Exercise goal.
Without the pictures, write the listing below out again, line for line.

Recorded information.

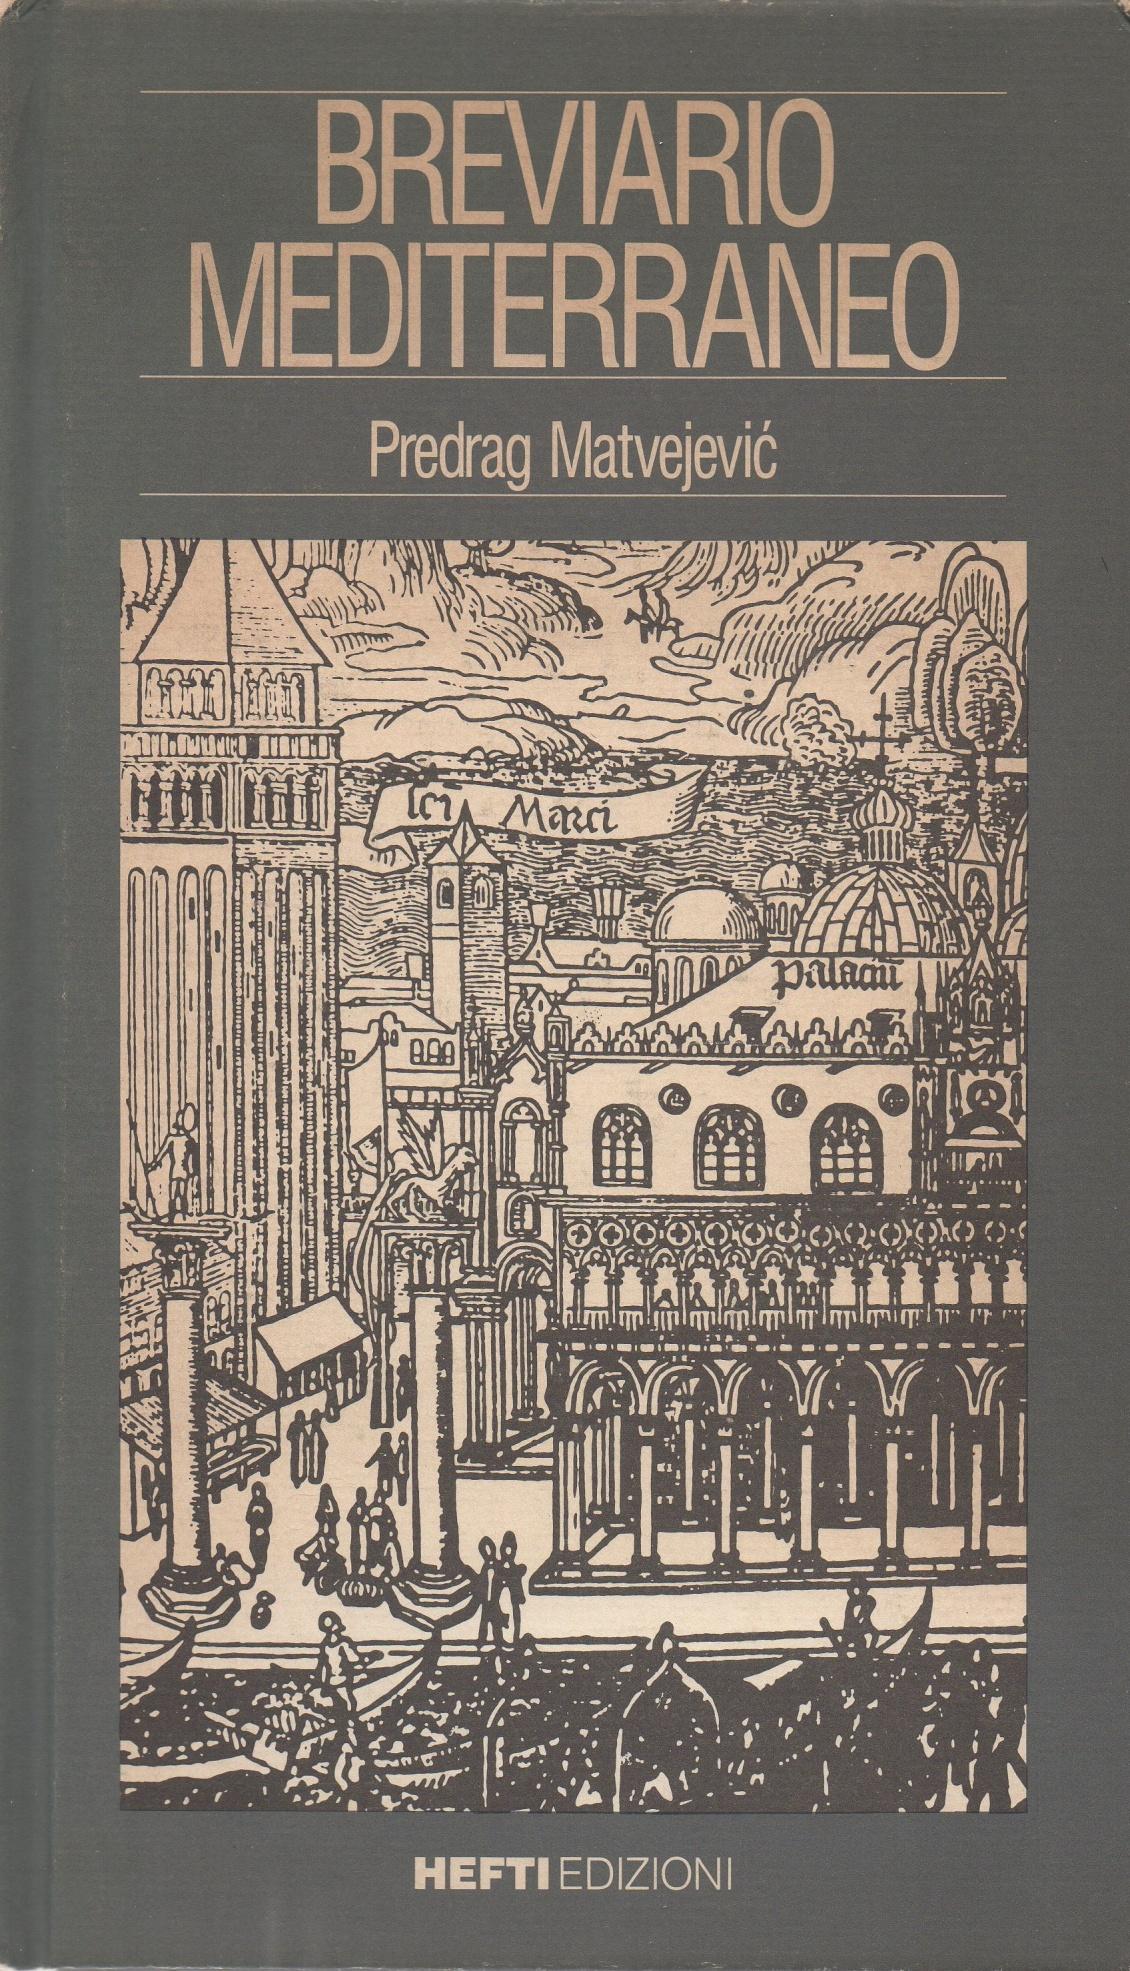 breviario mediterraneo
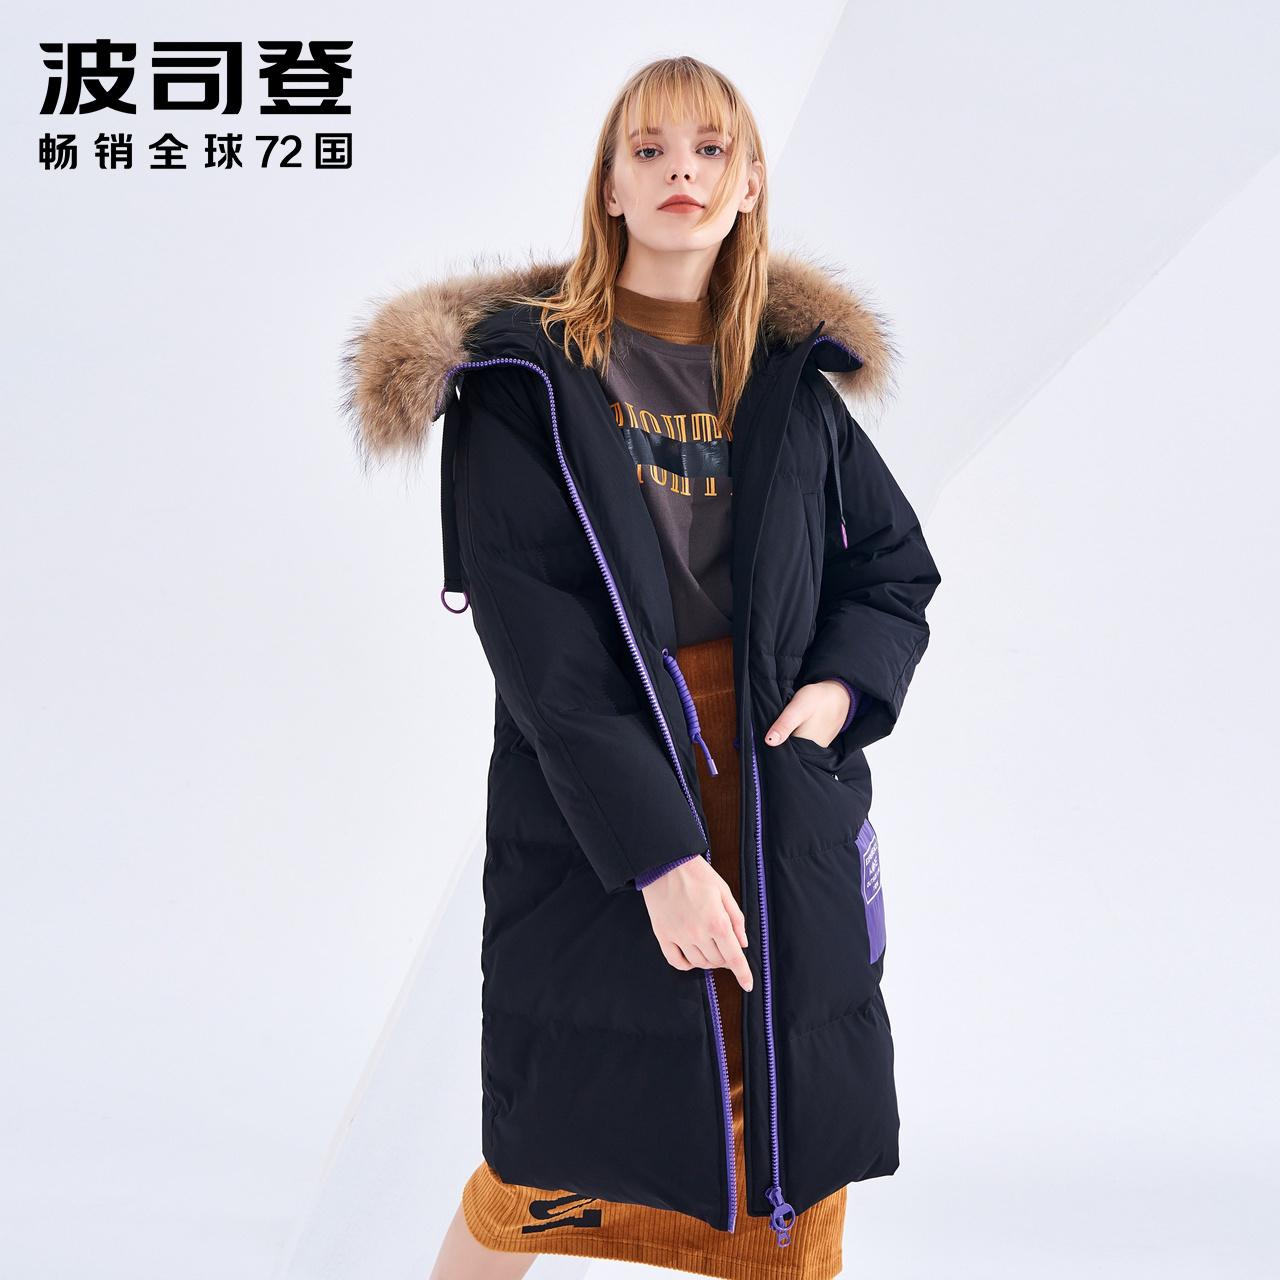 波司登中长款女士羽绒服冬季新品可脱卸毛领时尚休闲保暖厚款外套 1499元
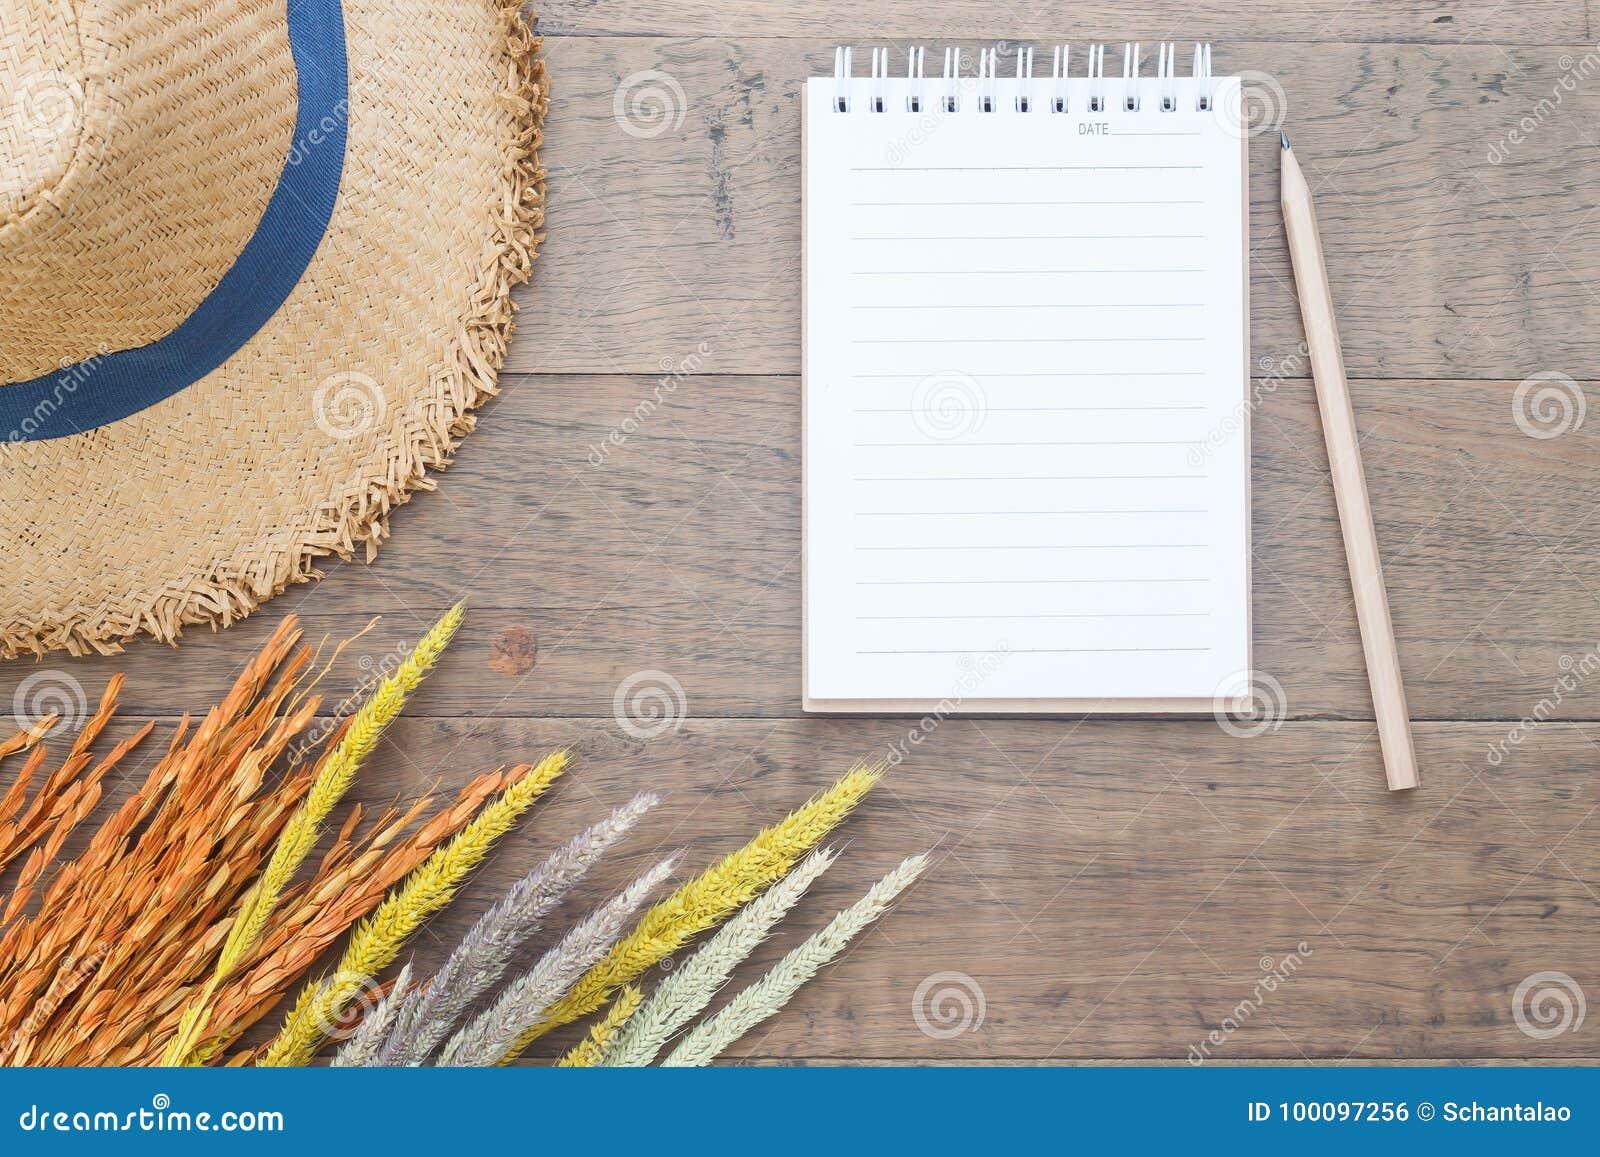 Kreative Ebenenlage des Herbst- und Fallkonzeptes, der Trockenblumen, des Strohhutes und des leeren Notizbuches mit Bleistift auf

Answer.
 breviario mediterraneo
 波司登中长款女士羽绒服冬季新品可脱卸毛领时尚休闲保暖厚款外套 1499元
 Kreative Ebenenlage des Herbst- und Fallkonzeptes, der Trockenblumen, des Strohhutes und des leeren Notizbuches mit Bleistift auf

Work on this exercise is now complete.